Information arbitrage identifies market-moving information and trades on it before the financial markets recognize its impact. The disparity in knowledge across markets and its timing creates information arbitrage opportunities. Information arbitrageurs discover market-moving information from offbeat sources of alternative data.
What Is Information Arbitrage
Information arbitrage is a technique for creating profit-making opportunities wherein arbitrageurs spot market-moving information before others and take appropriate actions. Making accurate predictions about the asset’s price based on that information is a critical aspect of information arbitrage.
A research paper in 1980 titled “On the Impossibility of Informationally Efficient Markets” by Sanford Grossman and Joseph E. Stiglitz proved that there is a prolonged phase of disequilibrium in competitive markets. Because of this, prices often reflect only partial information. Thus the arbitrageurs who leverage their resources and foresight to obtain price-moving information are rewarded through profits.
Information arbitrage also finds its roots in the Efficient Market Hypothesis (EMH). According to the hypothesis, Strong-form EMH reflects an efficient market. In this, the asset prices reflect all the available information, whether public or private. Thus, there is no scope for arbitrage here. An investor would not be able to reap excess returns or ‘alpha’ in this situation.
In a semi-strong form of the efficient market, the current share price only reflects publicly available information.
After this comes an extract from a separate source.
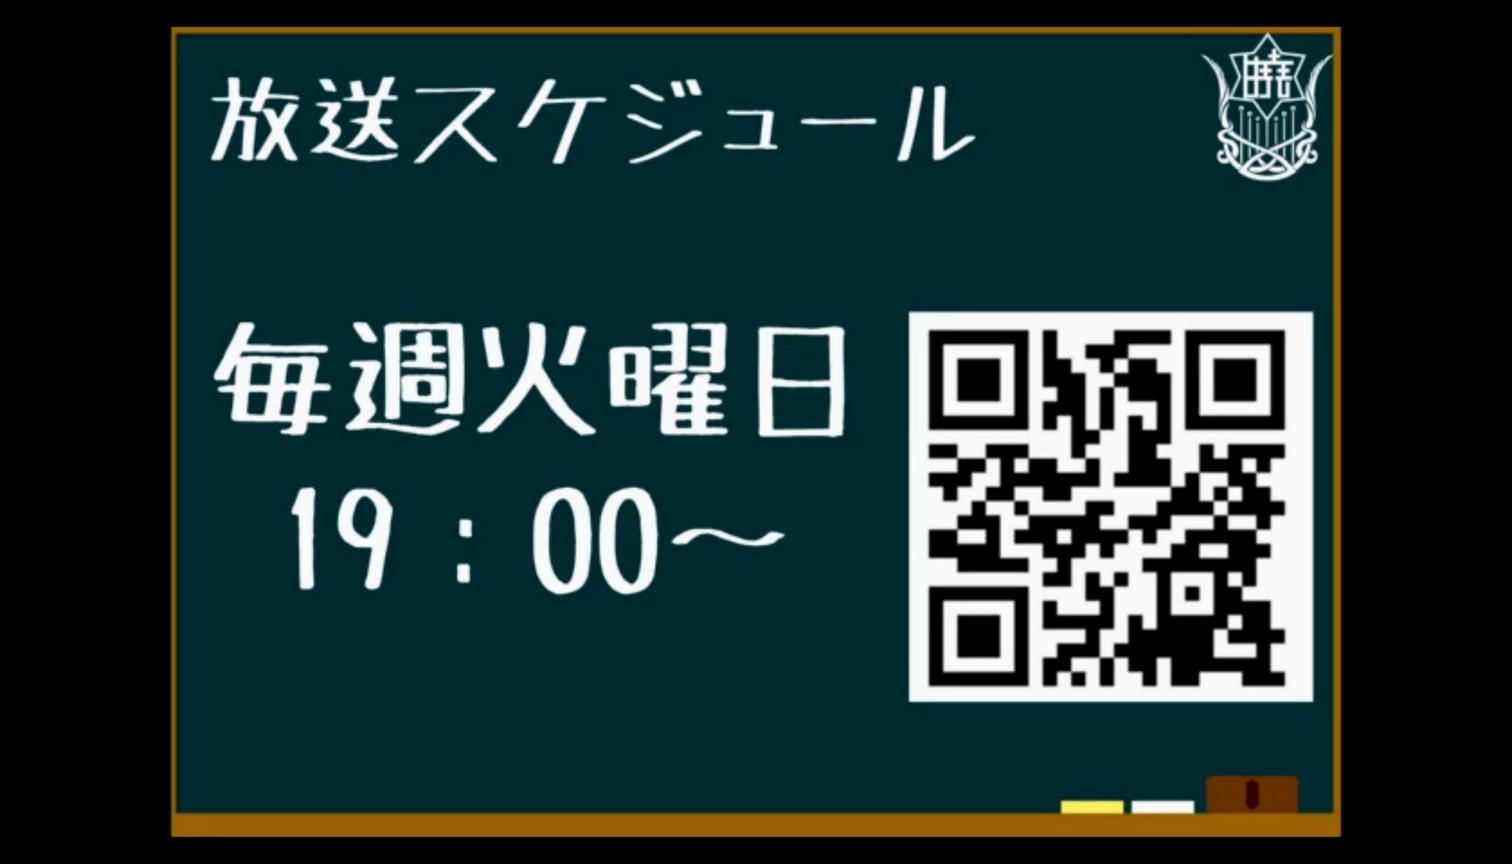 fow-live-180306-001.jpg
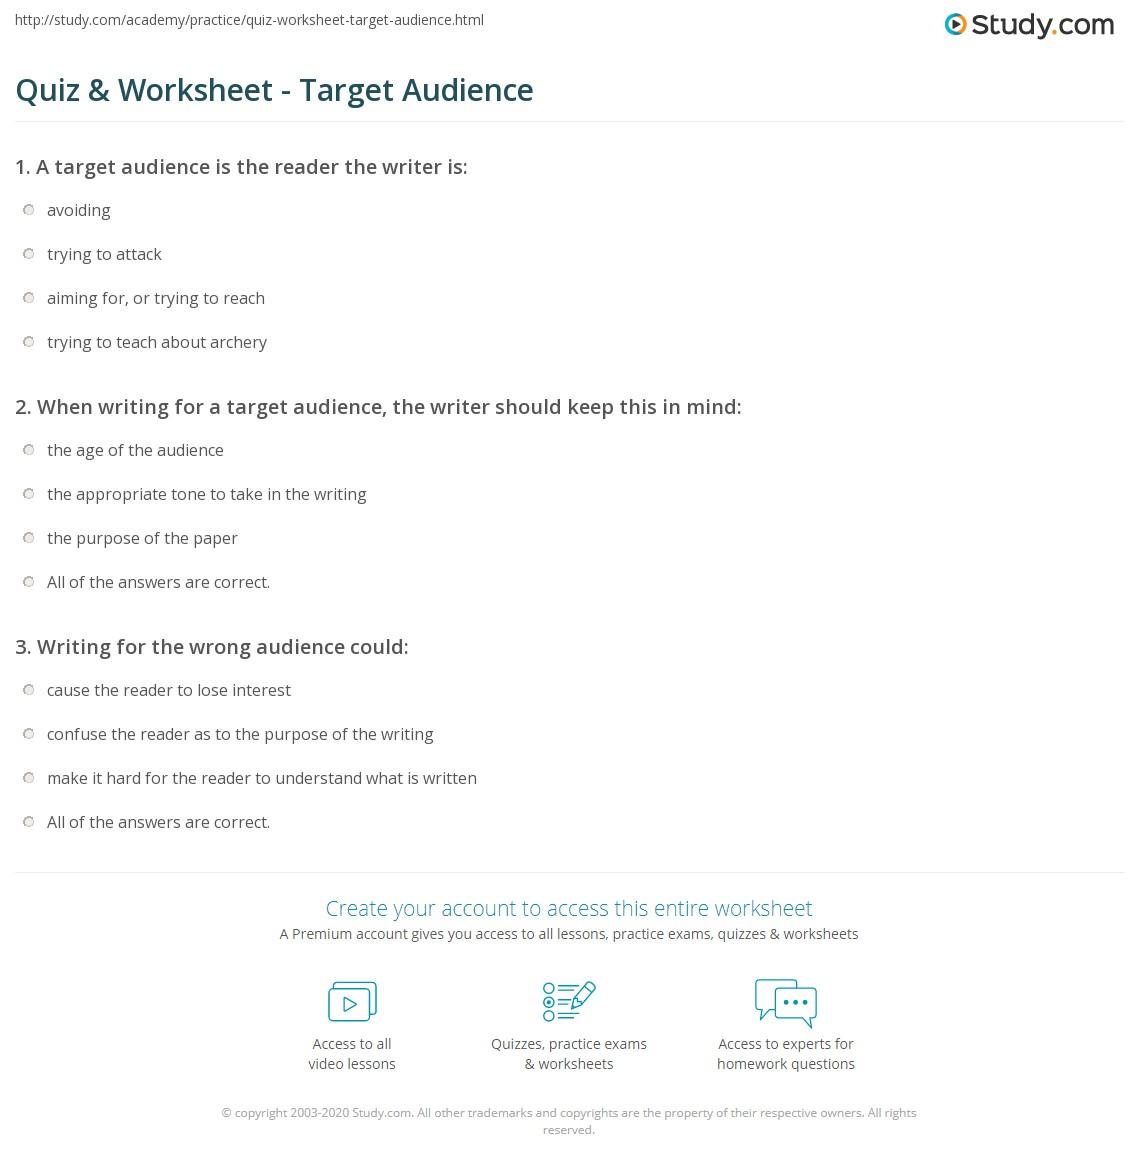 Quiz & Worksheet - Target Audience   Study.com

An investor can still earn excess profits in this case if he uses price-impacting information that is not available in the public domain.
Lastly, weak-form efficiency, also known as the Random Walk Theory, propagates that past performances or historical data do not impact security prices. The theory believes that share prices are random, and it is impossible to predict price movement based on any information and earn profit from it.
However, financial markets are hardly efficient, and market participants can always find an arbitrage opportunity to spot market-moving trends and predict price differentials.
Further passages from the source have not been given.